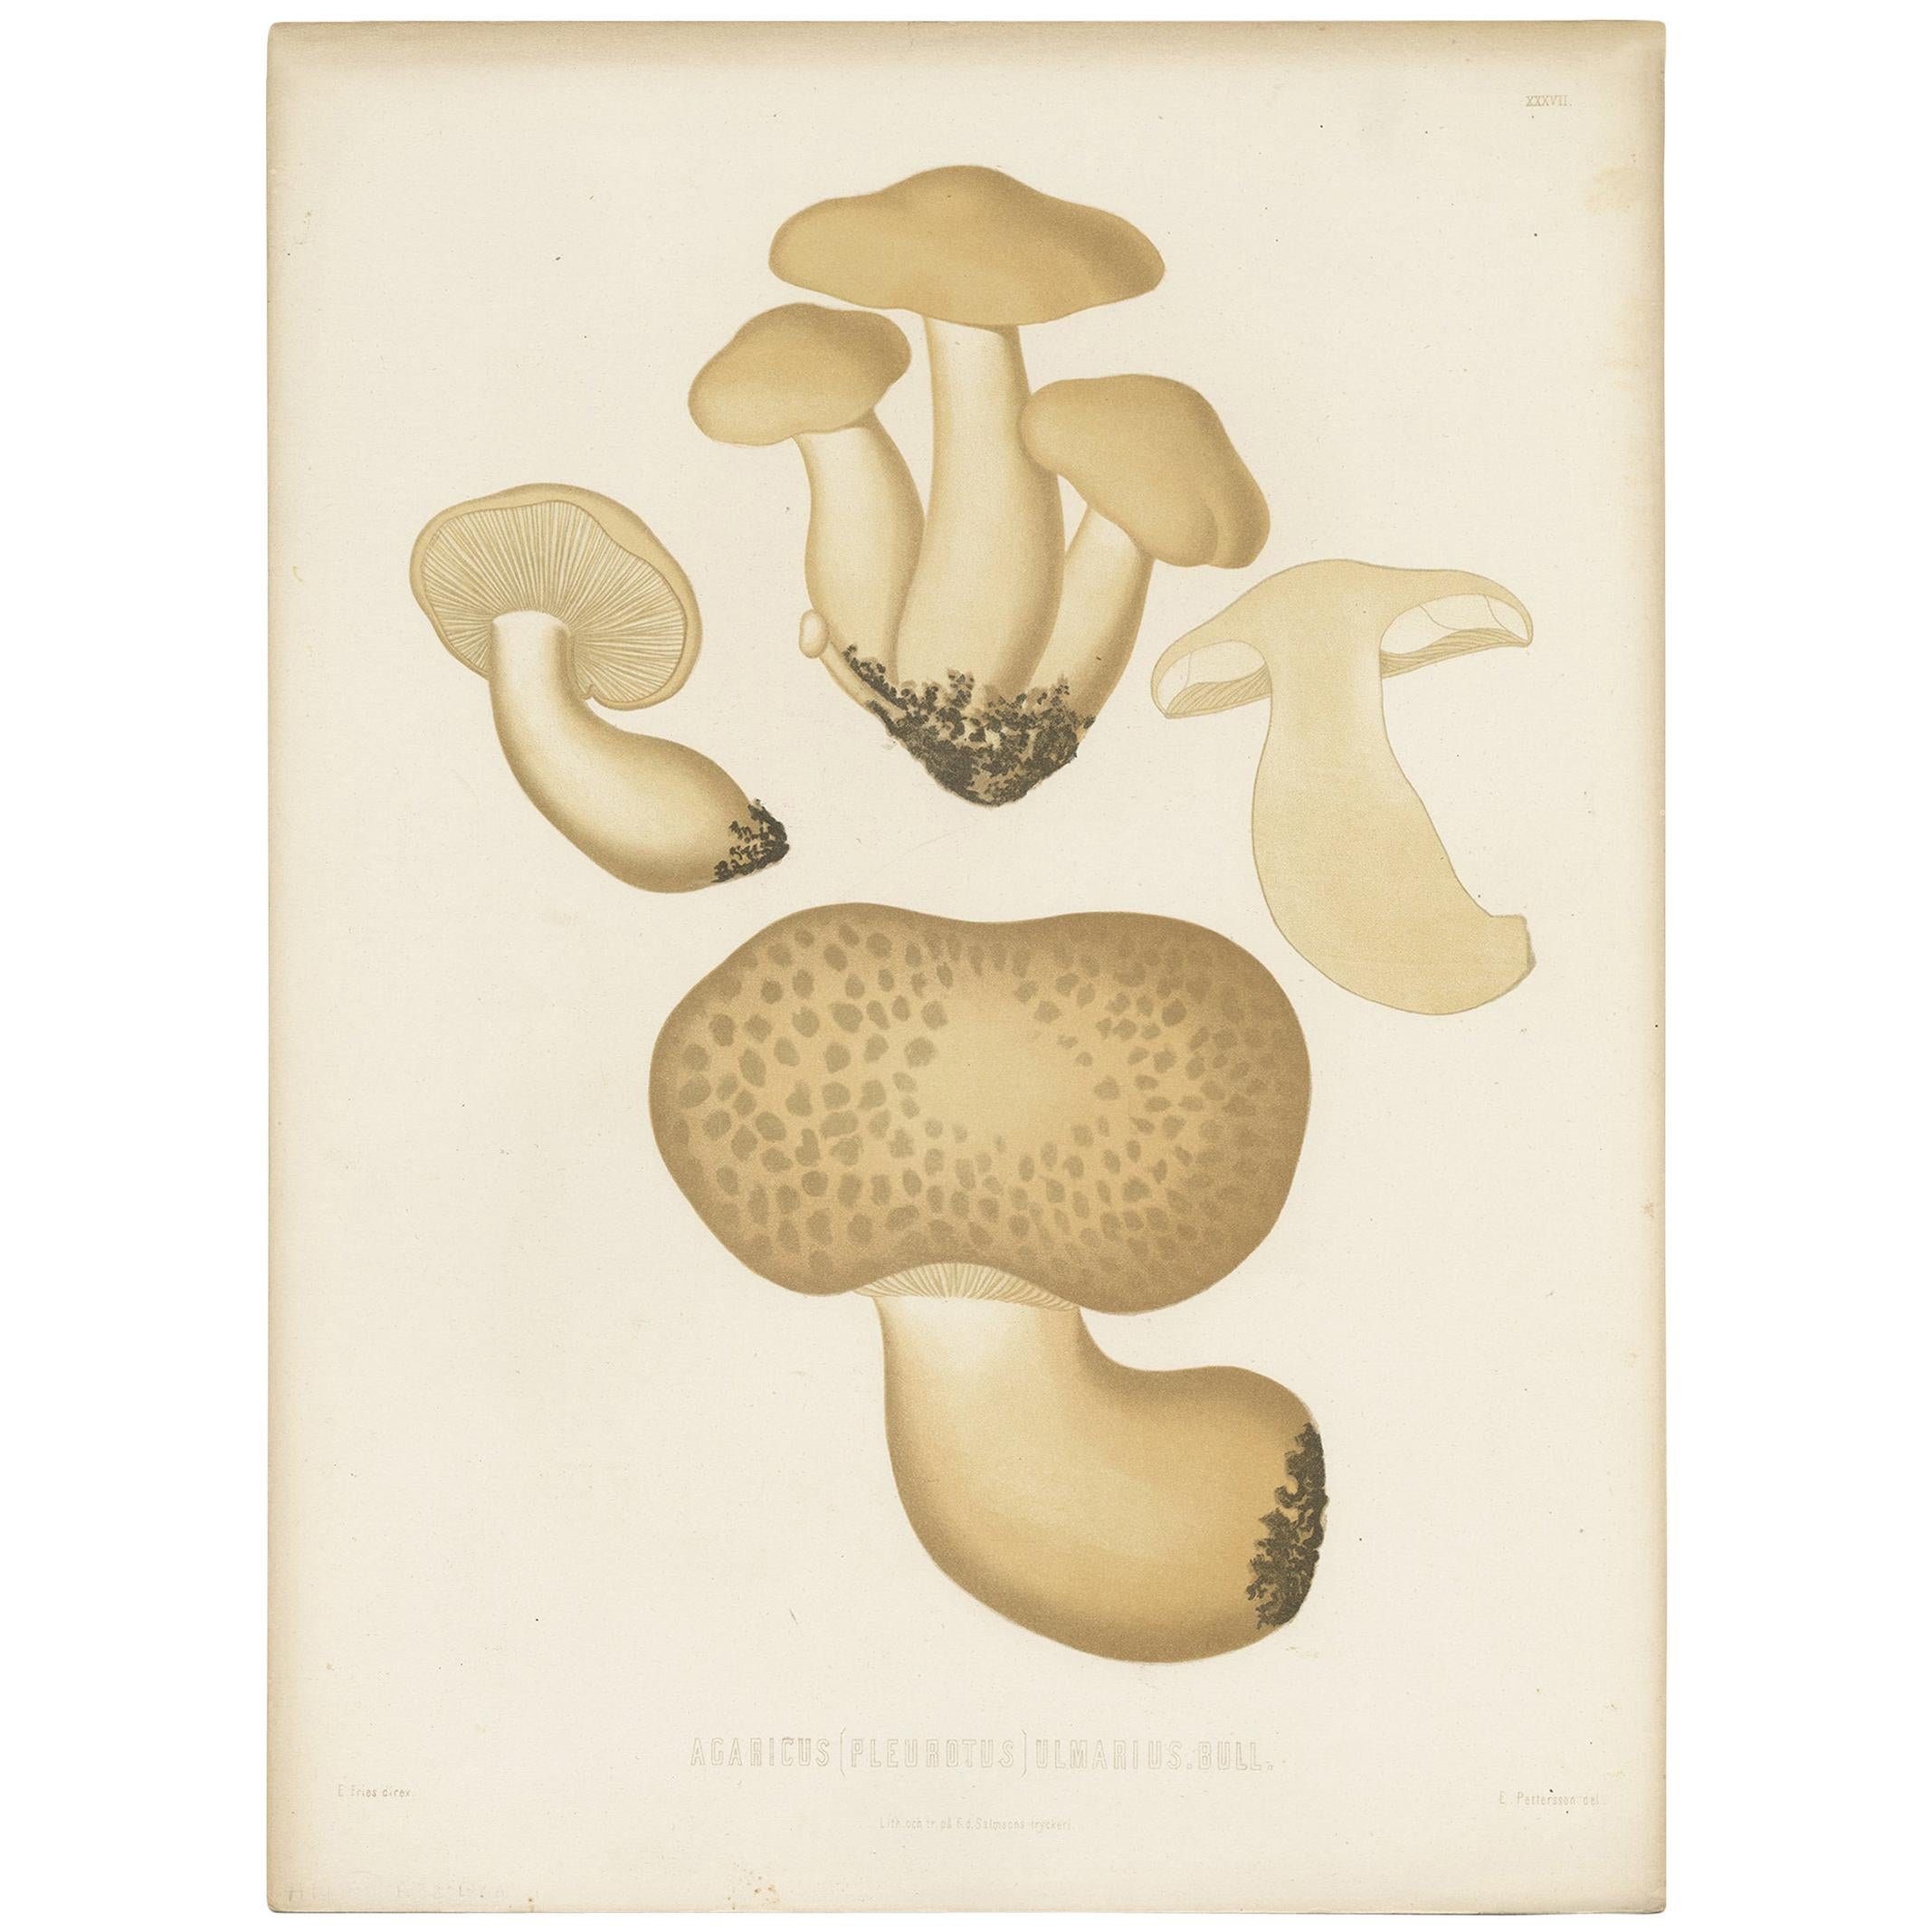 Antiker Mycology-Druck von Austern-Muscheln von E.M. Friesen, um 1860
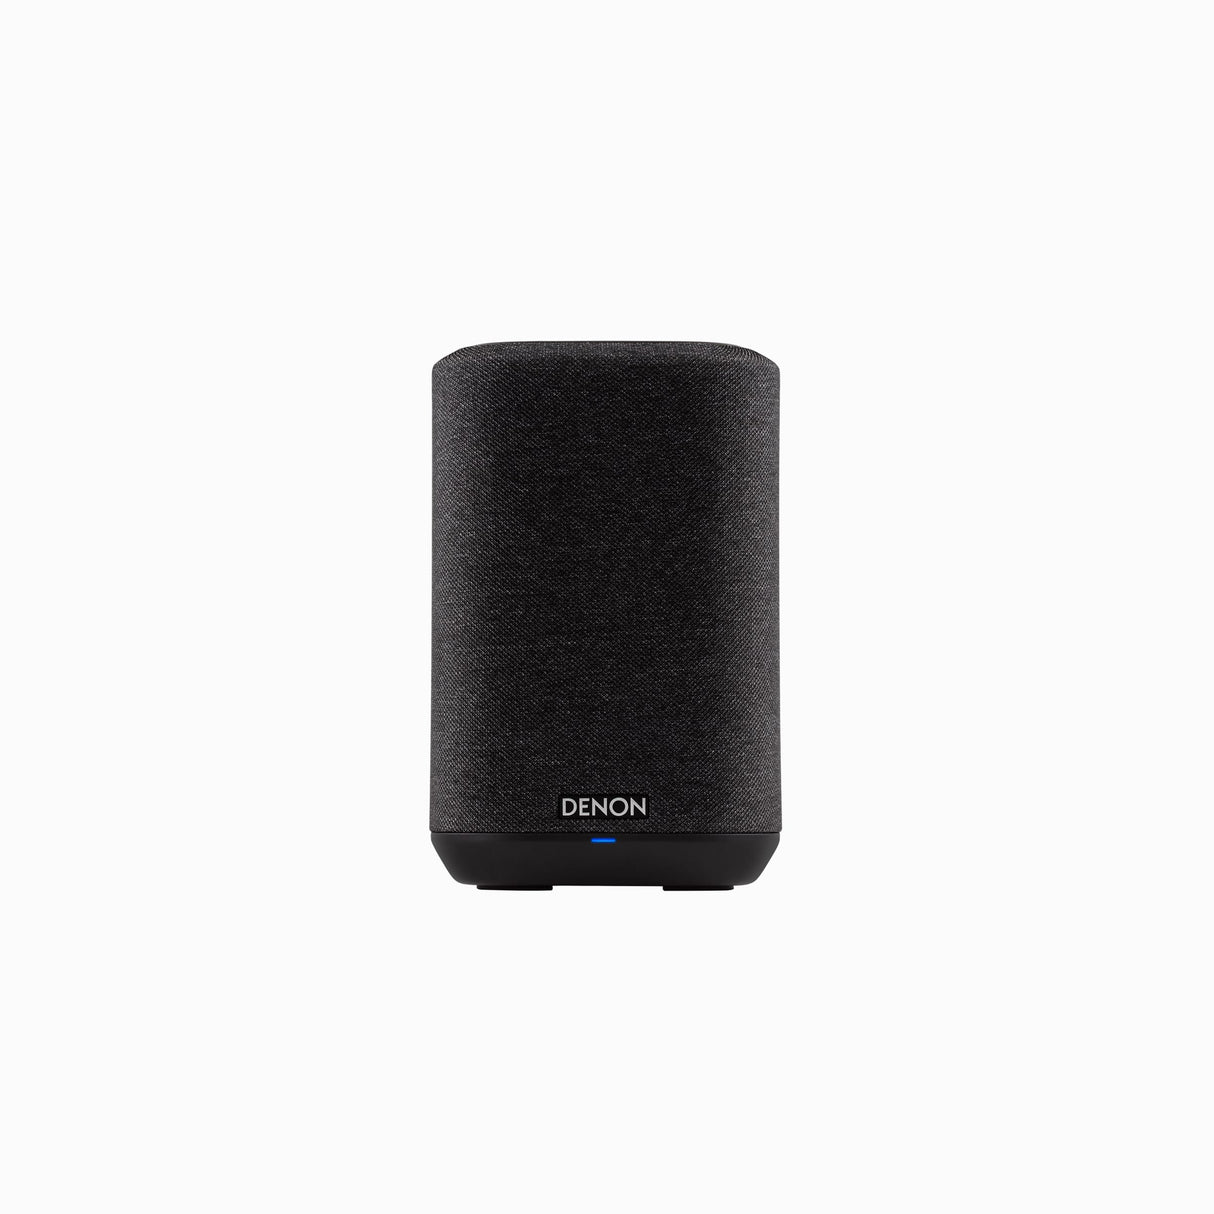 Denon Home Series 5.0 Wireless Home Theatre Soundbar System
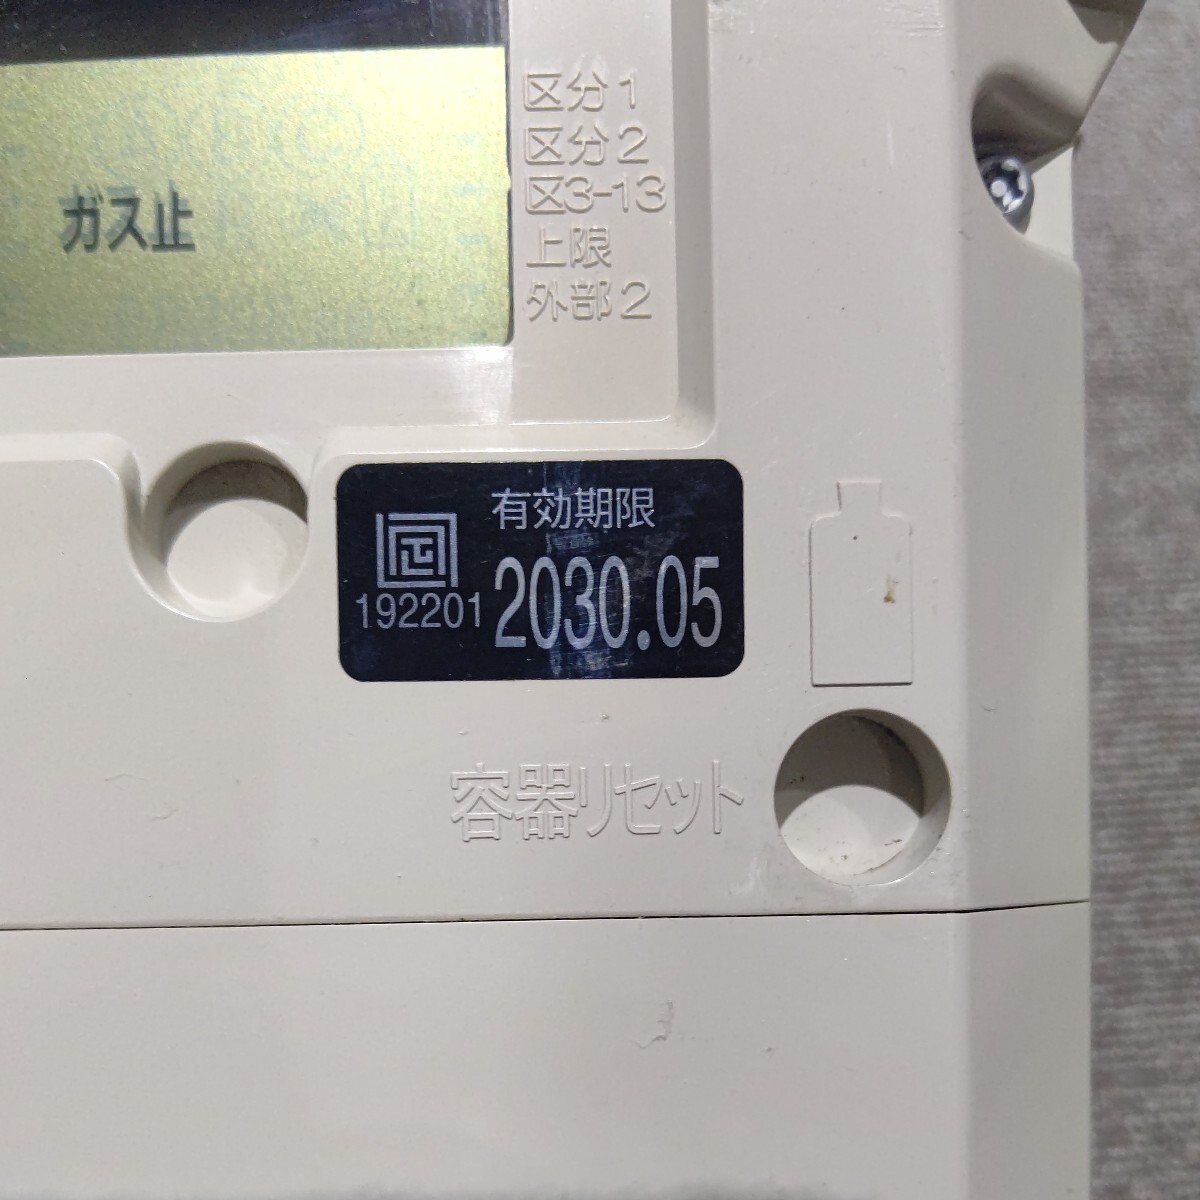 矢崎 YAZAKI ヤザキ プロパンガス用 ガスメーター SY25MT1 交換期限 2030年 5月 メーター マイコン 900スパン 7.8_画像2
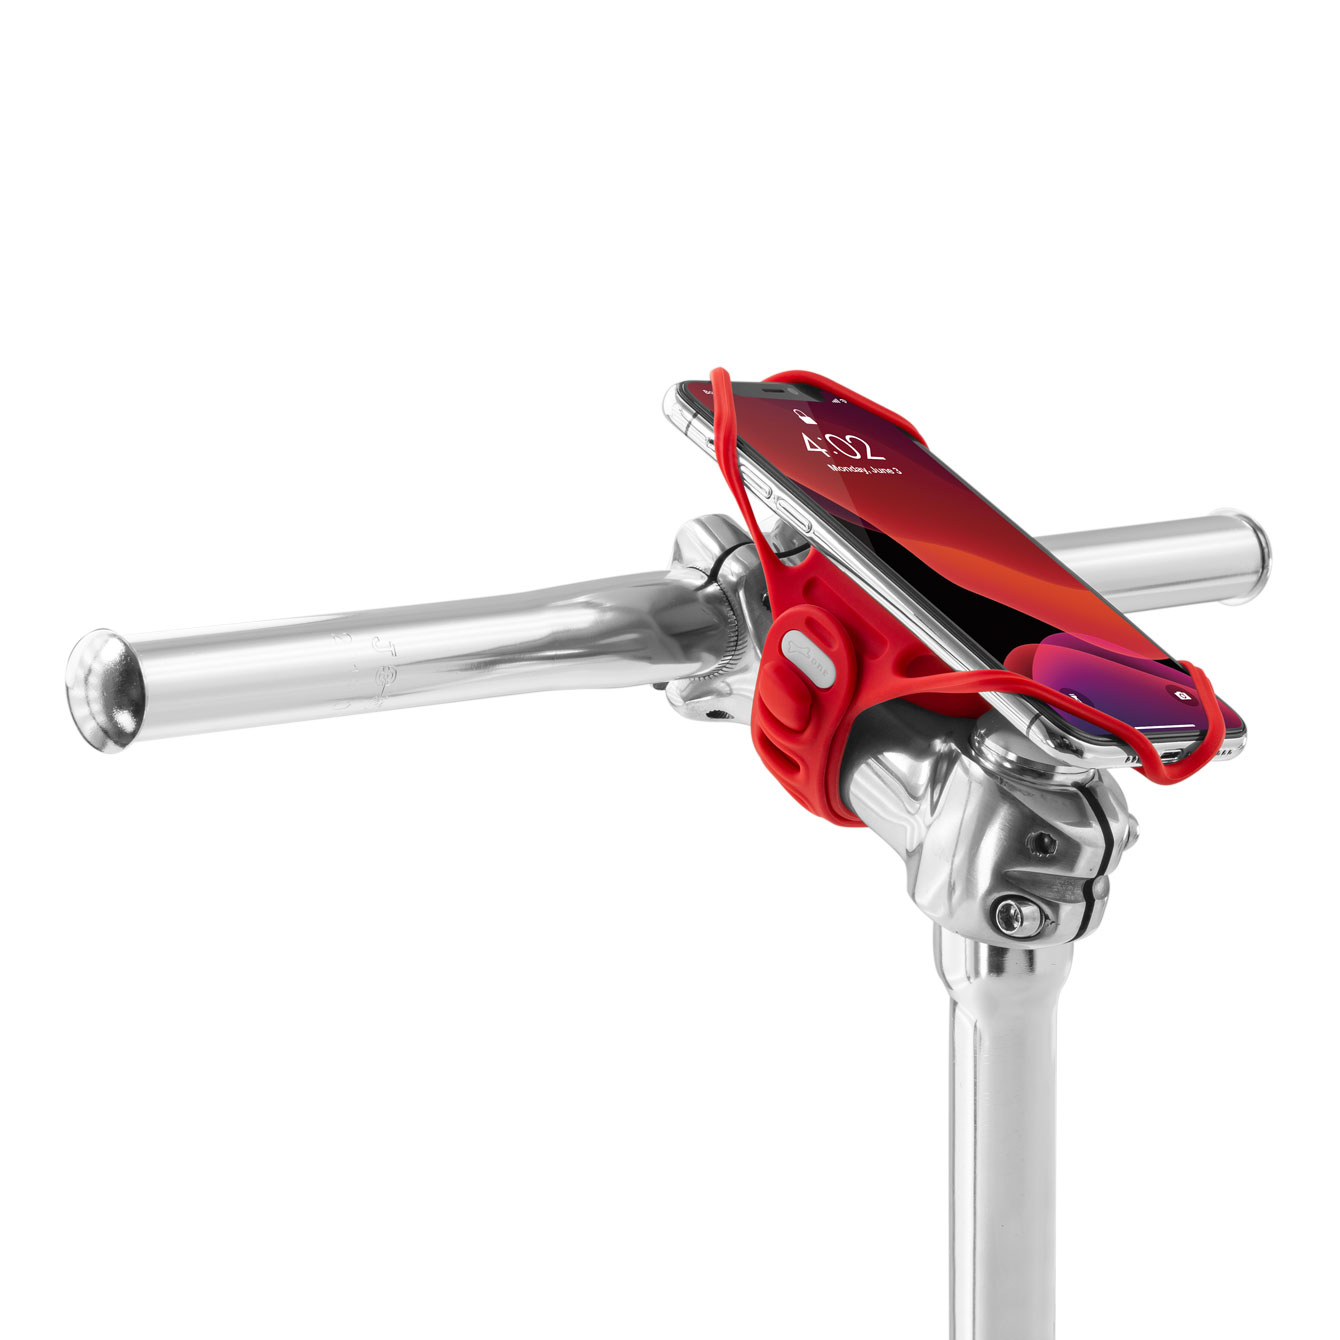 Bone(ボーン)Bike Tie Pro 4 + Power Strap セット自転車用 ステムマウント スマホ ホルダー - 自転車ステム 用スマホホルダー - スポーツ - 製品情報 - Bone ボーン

- - - - -

The lines to be extracted begin at the line containing "矢崎 YAZAKI ヤザキ" and continue through the final line of the material above, both ends included. Reproduce them exactly, without the pictures.

Solution
 矢崎 YAZAKI ヤザキ プロパンガス用 ガスメーター SY25MT1 交換期限 2030年 5月 メーター マイコン 900スパン 7.8_画像2
 Bone(ボーン)Bike Tie Pro 4 + Power Strap セット自転車用 ステムマウント スマホ ホルダー - 自転車ステム 用スマホホルダー - スポーツ - 製品情報 - Bone ボーン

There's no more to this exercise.